Cyrus nodded, unsure of how to respond. “Your people are lucky to have such a wise and compassionate leader.”
“Yes. Yes they are,” Paeryl’s lack of modesty seemed odd, until he gripped Cyrus’s shoulders with both hands and held them there, a lone tear streaking from his own eye, and Cyrus realized he was not talking about himself.
“But I… I can’t…”
Paeryl just nodded, strengthening the embrace. “You already have.” He shook Cyrus’s shoulders firmly, and then turned to walk away. But before he walked into the light cast by the setting sun, he stopped and faced Cyrus again. “Our people need only one leader, and that leader is plenty strong.
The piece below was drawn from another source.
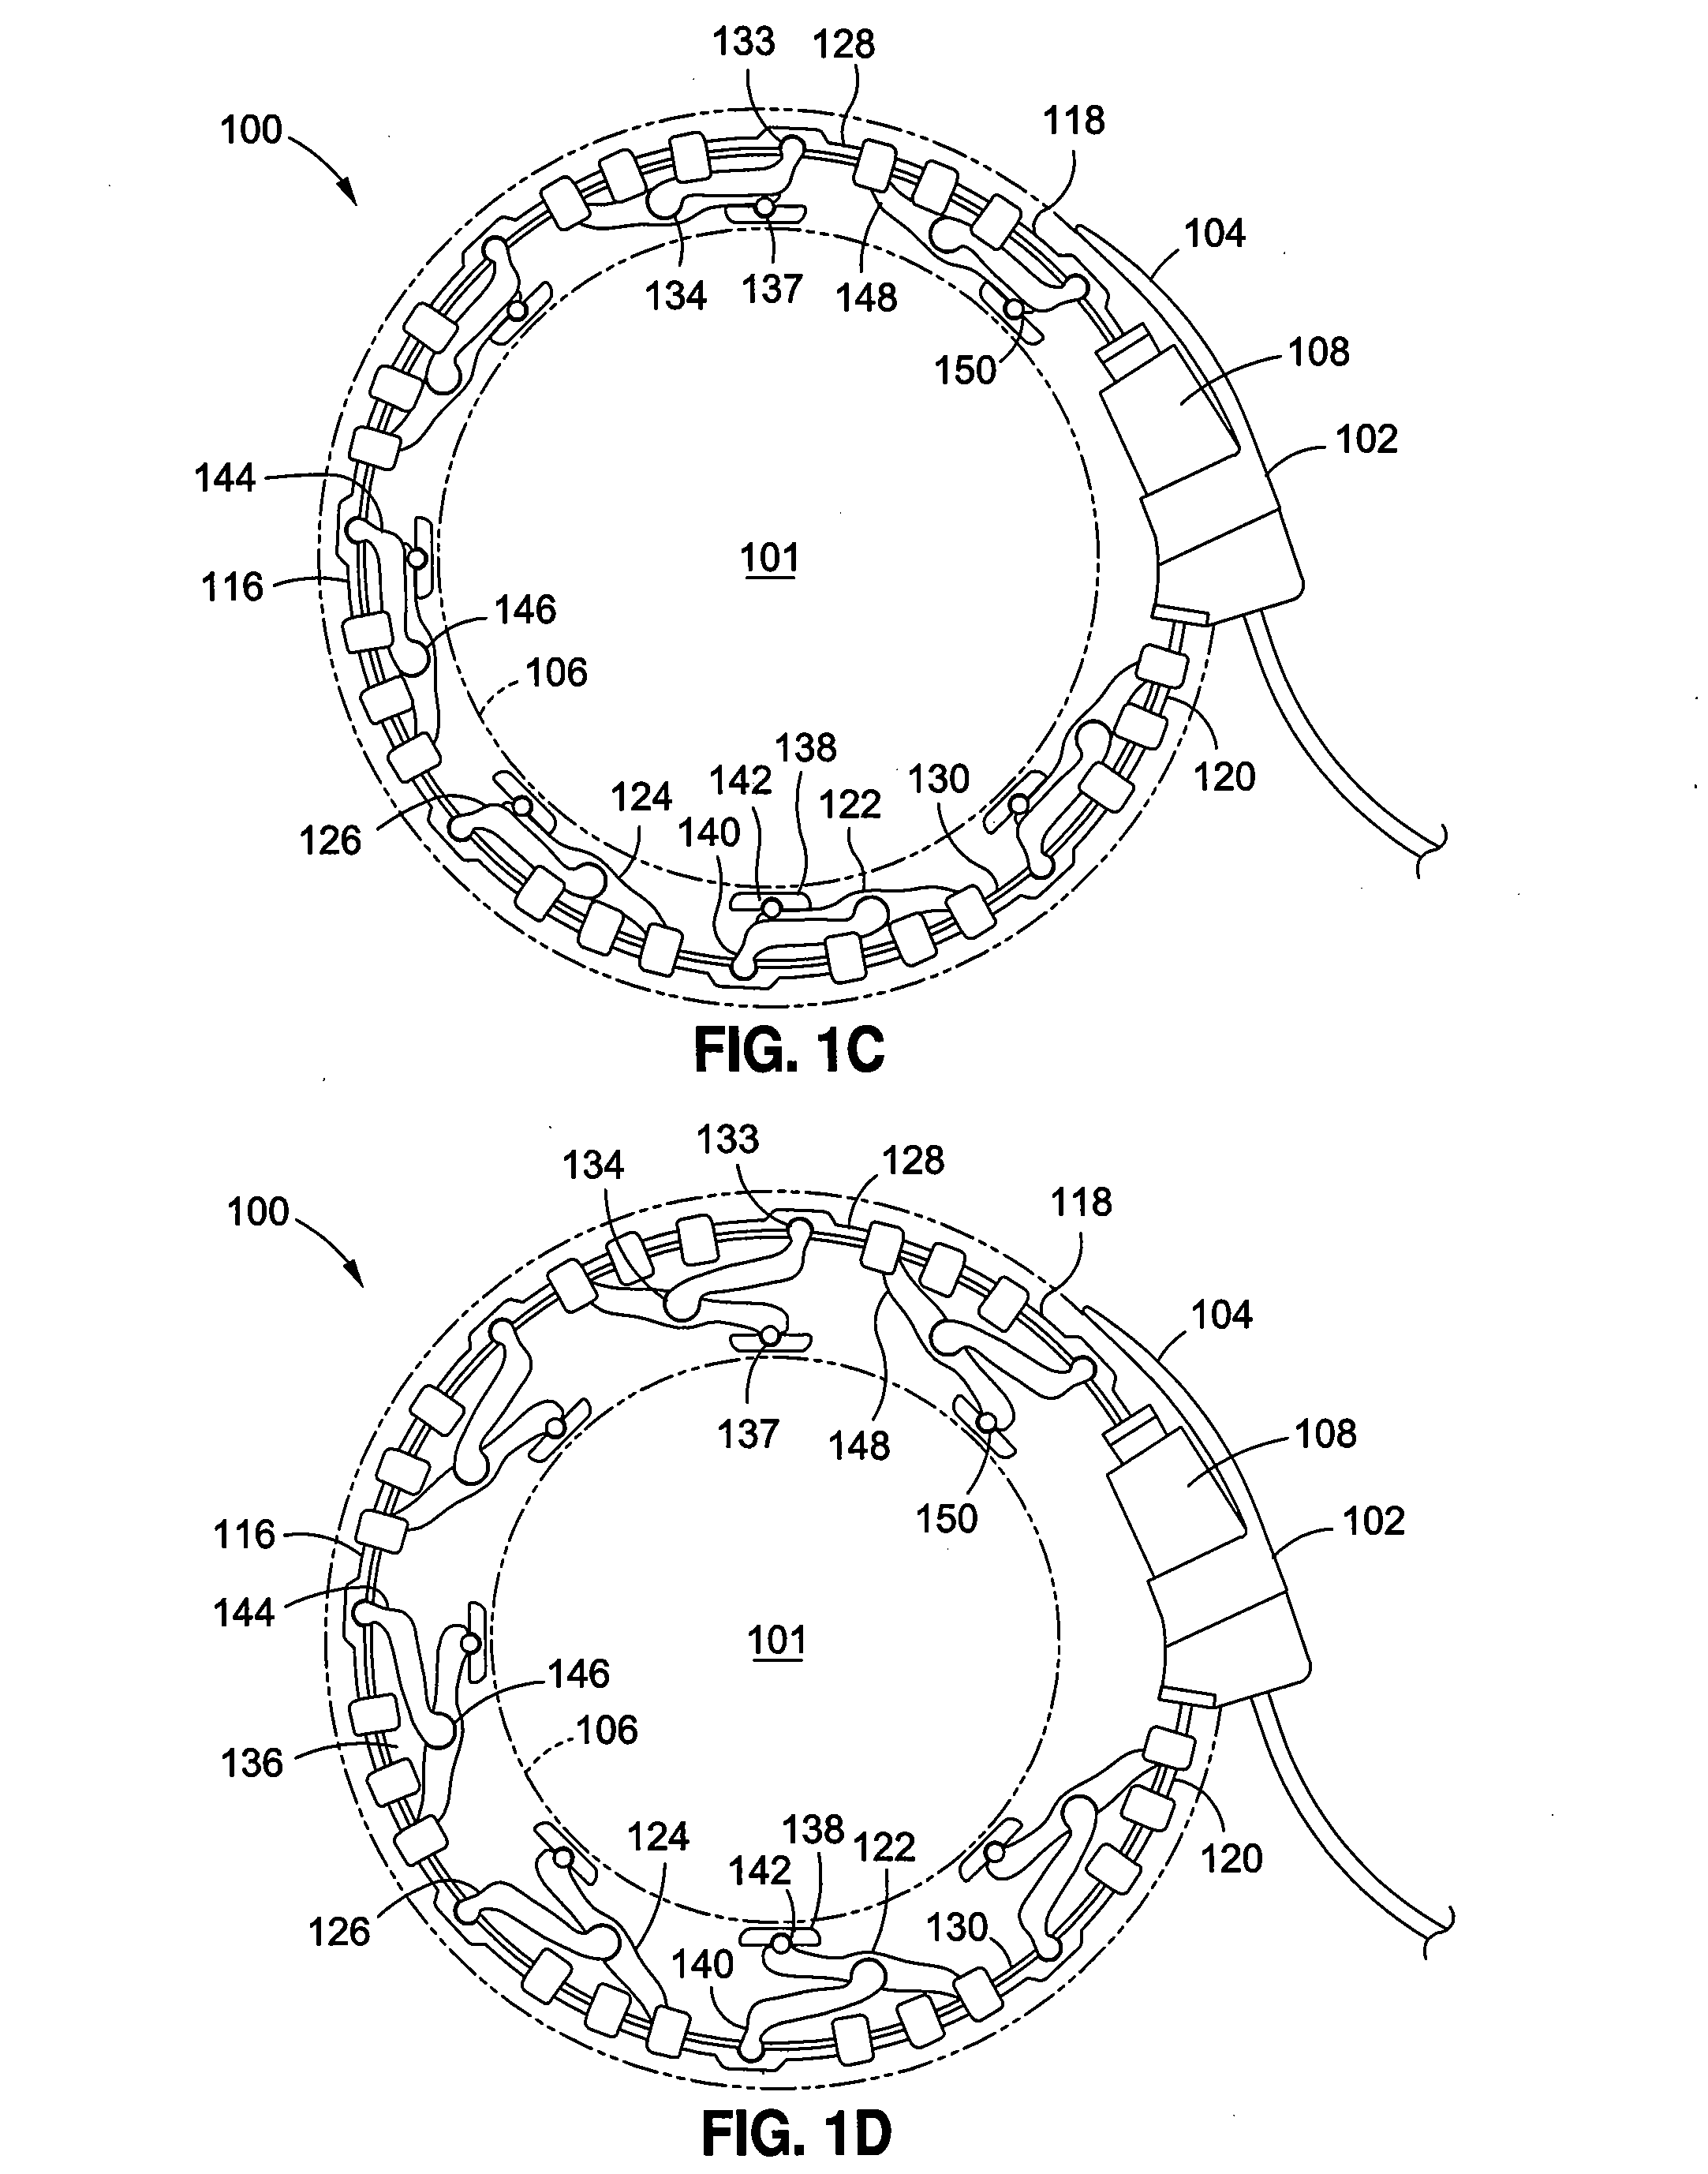 Gastric band devices and drive systems

I have decided to stay here, to rescue any wayward souls that may wonder into the wastes of Asha from the darkness of the Miasma. Just as you have done for us.”
“But…”
Paeryl just raised his hand to stop Cyrus’s rebuttal, and then he turned to take his betrothed’s hand and stand in the fleeting rays of the orange sun.
twenty-nine
• • • • •
—Dada, why do I have to learn Farsi?
—Because it’s part of your heritage. You are half Persian.
—I don’t understand. The whole Uni uses Commonspeak. Why do I have to spend Saturdays in class learning something for no reason?
—Well, it’s not for no reason. Your mother speaks Farsi. Uncle Xander speaks Farsi. Your grandmother and grandfather spoke it.